Canada’s vast size and sparse population has always been a hindrance to Avalanche Canada when it comes to forecasting avalanches in the country’s many mountain ranges.

But thanks to a new development in the way the organization approaches its forecasts, Canada is getting smaller.

Not literally of course, but in the way of making information from unpopulated and remote locations more accessible.

“There are lots of areas and situations where we don’t have this really high-quality data to make a forecast, and it’s a lot more difficult to look at what the conditions are going to be like on the mountains in this case,” explained public avalanche forecaster Simon Horton.

The issue has always been that the information used in forecasting has been collected in person by an avalanche forecaster who goes to a site and documents the temperature, wind, precipitation and how the layers of snowpack are bonded to one another before running the information through a model to assess the likelihood of an avalanche happening.

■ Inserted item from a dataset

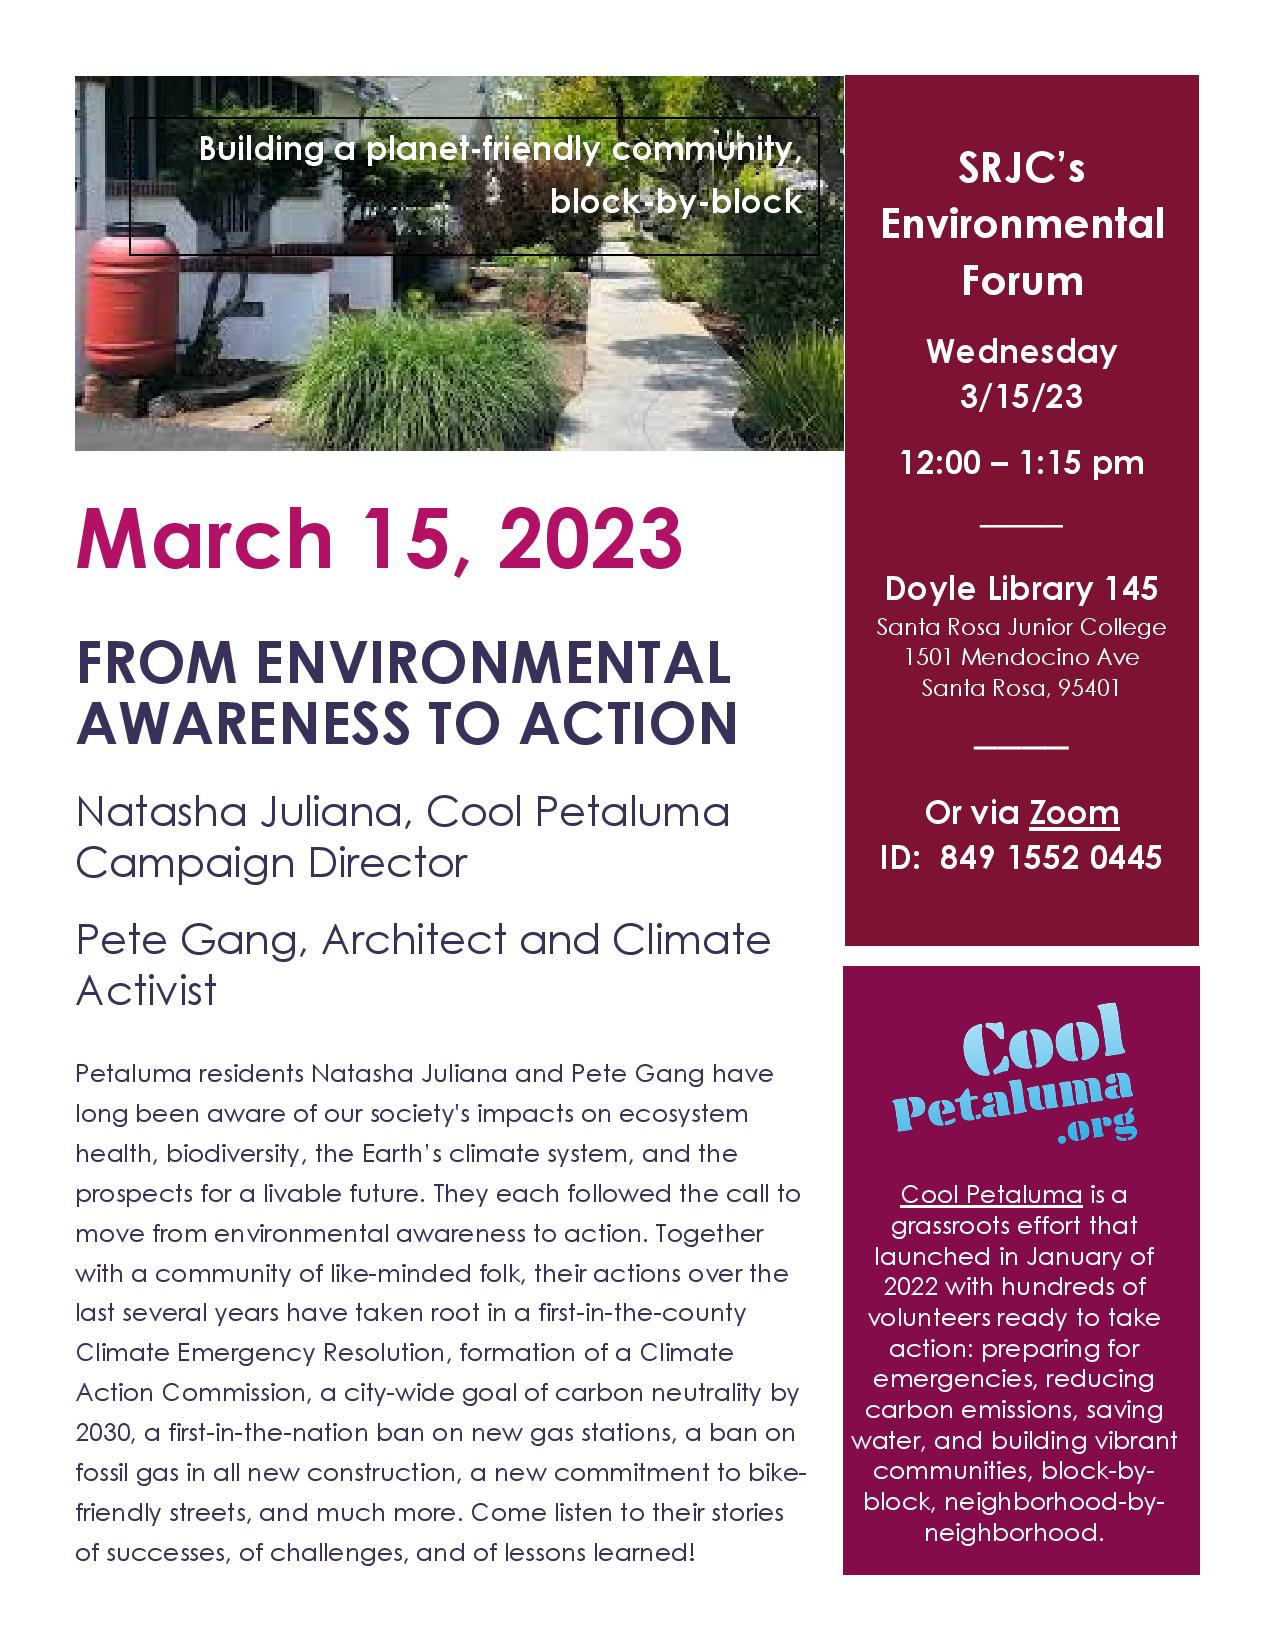 SRJC’s Environmental Forum Wednesday 3/15/23 12:00 – 1:15 pm ──── Doyle Library 145 Santa Rosa Junior College 1501 Mendocino Ave Santa Rosa, 95401 ──── Or via Zoom ID: 849 1552 0445. March 15, 2023 FROM ENVIRONMENTAL AWARENESS TO ACTION Natasha Juliana, Cool Petaluma Campaign Director Pete Gang, Architect and Climate Activist. Petaluma residents Natasha Juliana and Pete Gang have long been aware of our society's impacts on ecosystem health, biodiversity, the Earth’s climate system, and the prospects for a livable future. They each followed the call to move from environmental awareness to action. Together with a community of like-minded folk, their actions over the last several years have taken root in a first-in-the-county Climate Emergency Resolution, formation of a Climate Action Commission, a city-wide goal of carbon neutrality by 2030, a first-in-the-nation ban on new gas stations, a ban on fossil gas in all new construction, a new commitment to bikefriendly streets, and much more. Come listen to their stories of successes, of challenges, and of lessons learned! Cool Petaluma is a grassroots effort that launched in January of 2022 with hundreds of volunteers ready to take action: preparing for emergencies, reducing carbon emissions, saving water, and building vibrant communities, block-byblock, neighborhood-byneighborhood.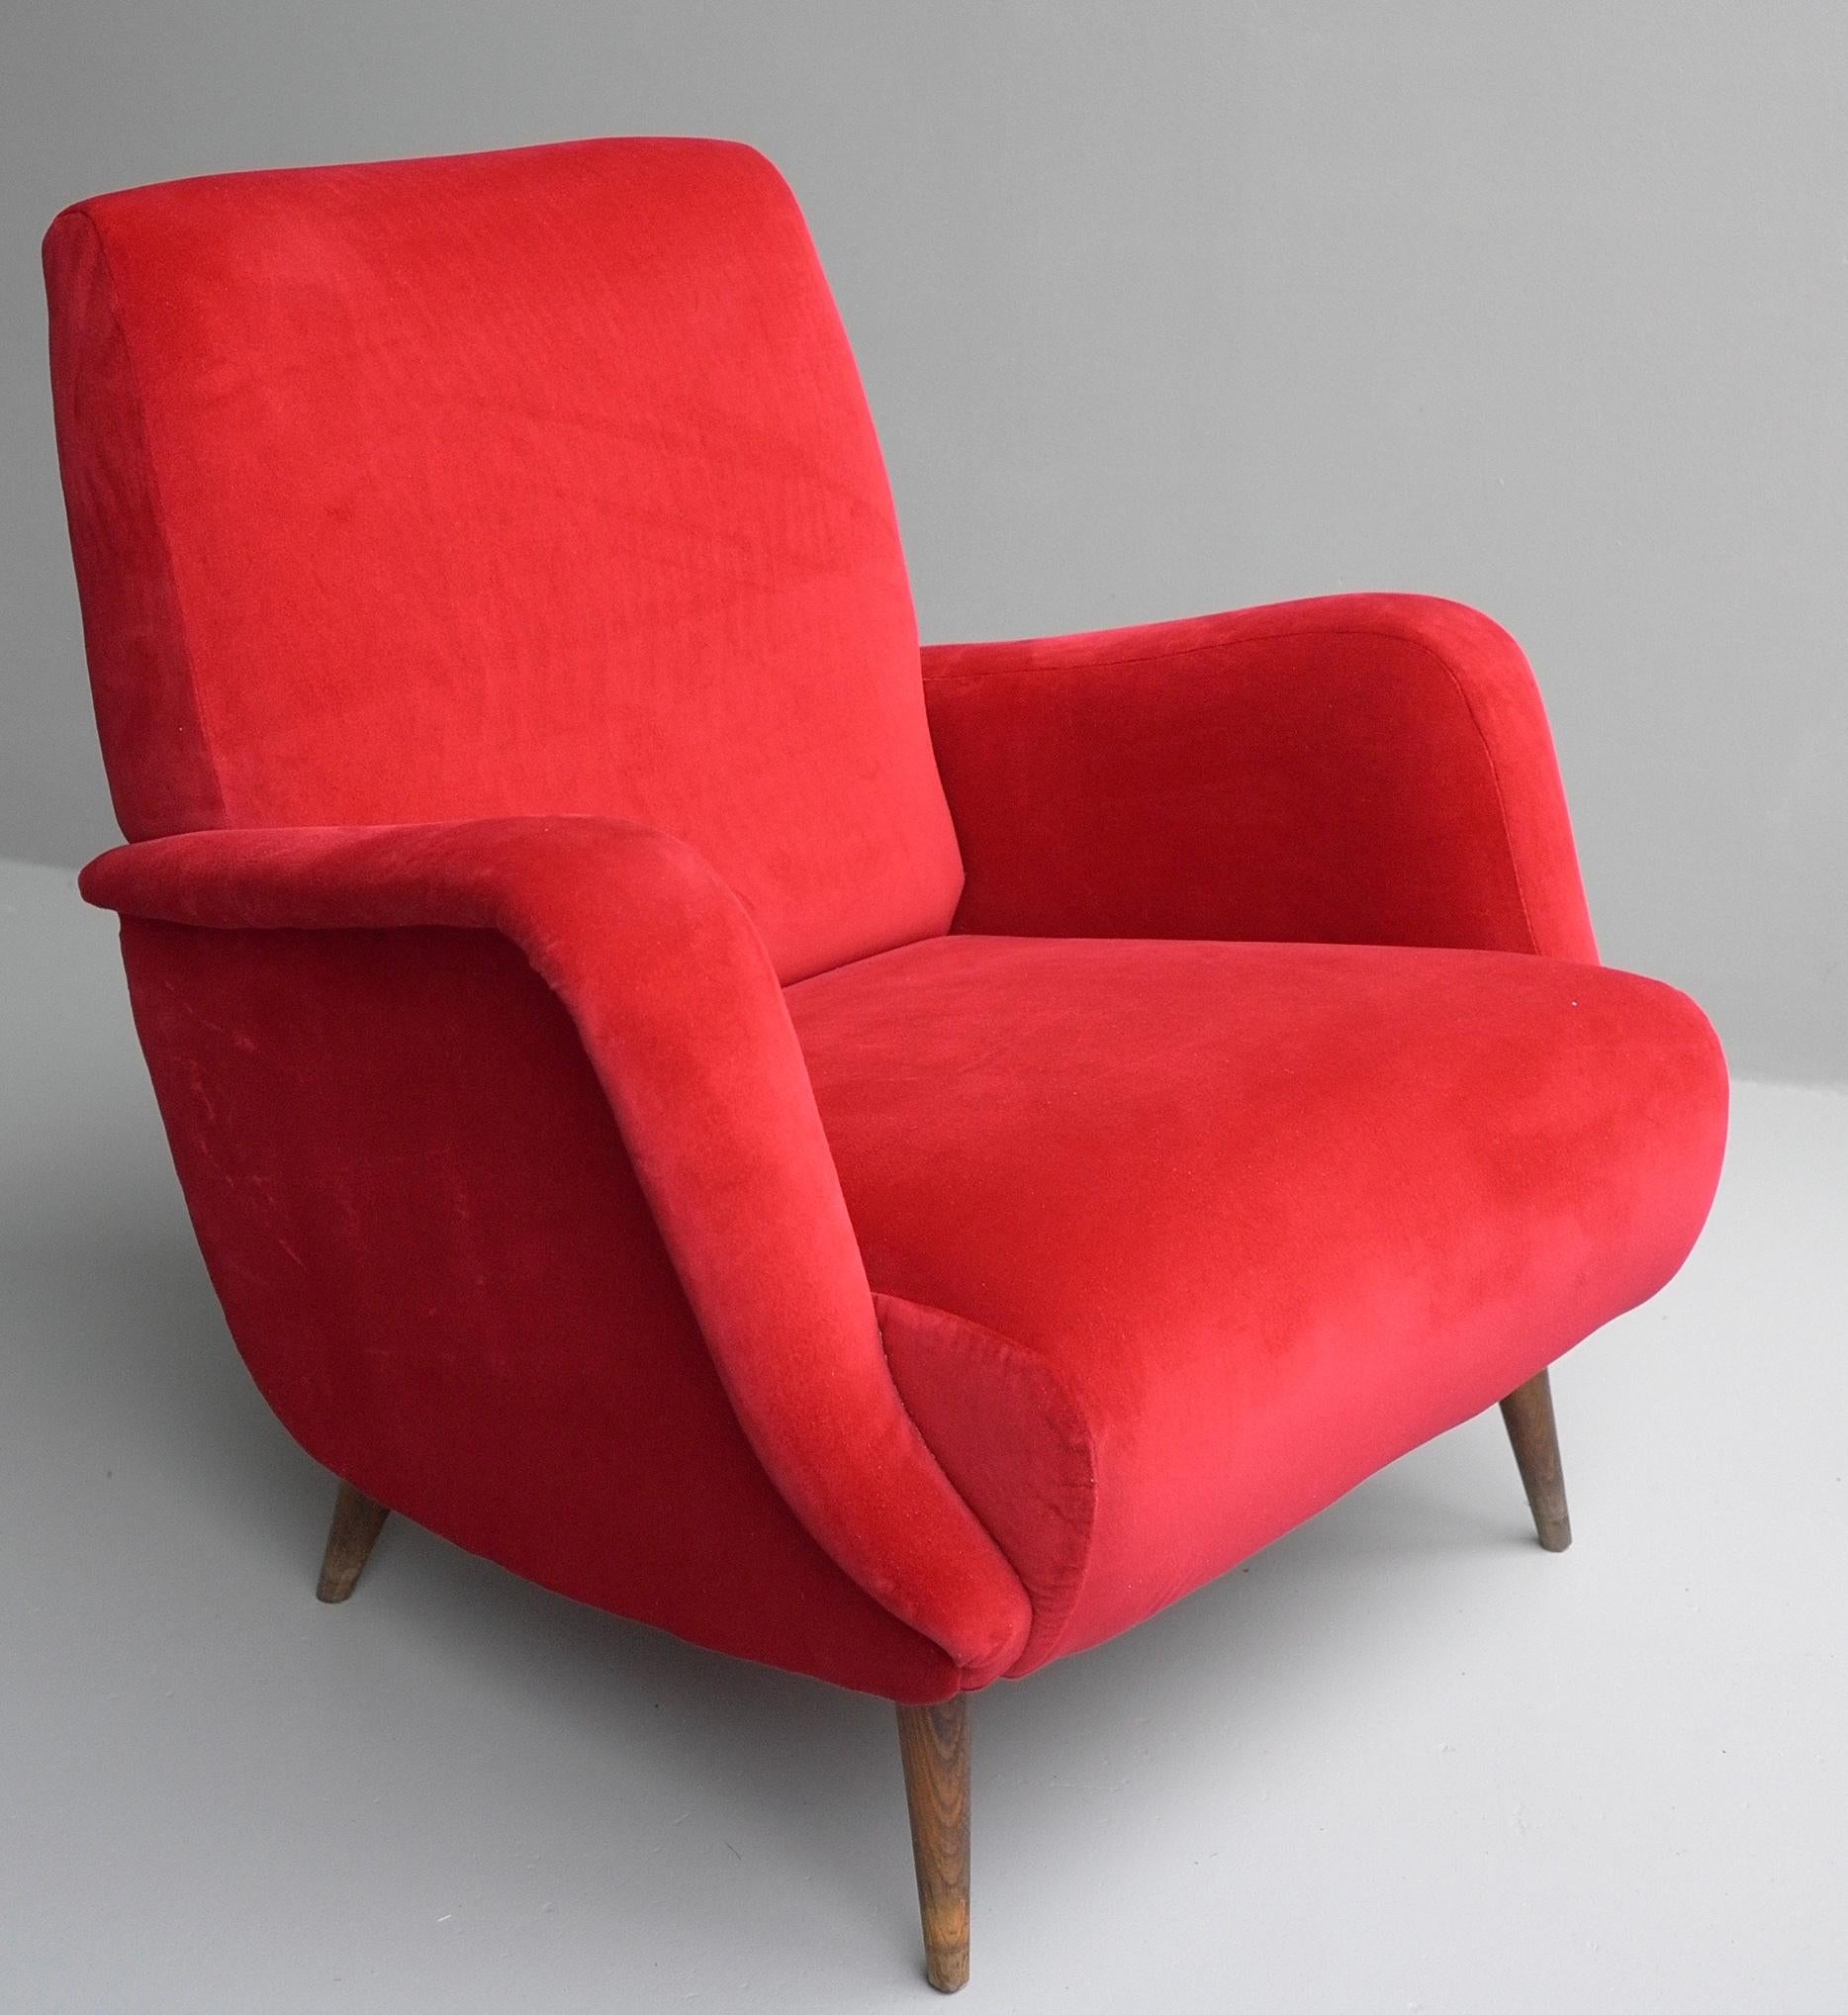 Carlo de Carli Red velvet and Walnut Armchair Model 806 by Cassina, Italy, 1955 In Good Condition For Sale In Den Haag, NL

That’s extremely difficult to do in a country that is 9.985 million square kilometres in size and has 2.26 million km2 of mountain ranges.

Mix in a pandemic, which reduced resources and manpower, and it became clear something needed to change.

But with the newly developed synthetic snowpack modelling, Canada is no longer trailing behind other mountain-heavy countries, and instead has become a world leader in avalanche forecasting.

Snowpack modelling itself has been around for decades and consists of feeding information, observed from a weather station, into the model to paint a picture of the potential avalanche landscape. 

Due to the small number of weather stations in Canada (16) compared to other countries (117 in Switzerland), Avalanche Canada has started using information from weather forecasts in its model to help paint that same picture of the potential avalanche landscape without being on hand to observe the information in person.

“So at Avalanche Canada we’ve been exploring possibilities to make some predictions about what might be happening in remote areas by looking at weather patterns and using some numeric models,” said Horton.

“What we’ve been experimenting with is that instead of using this [information] in research, if we take weather forecasts and put them into this type of model, we can really produce a prediction of what the snow looks like in any location at any time.”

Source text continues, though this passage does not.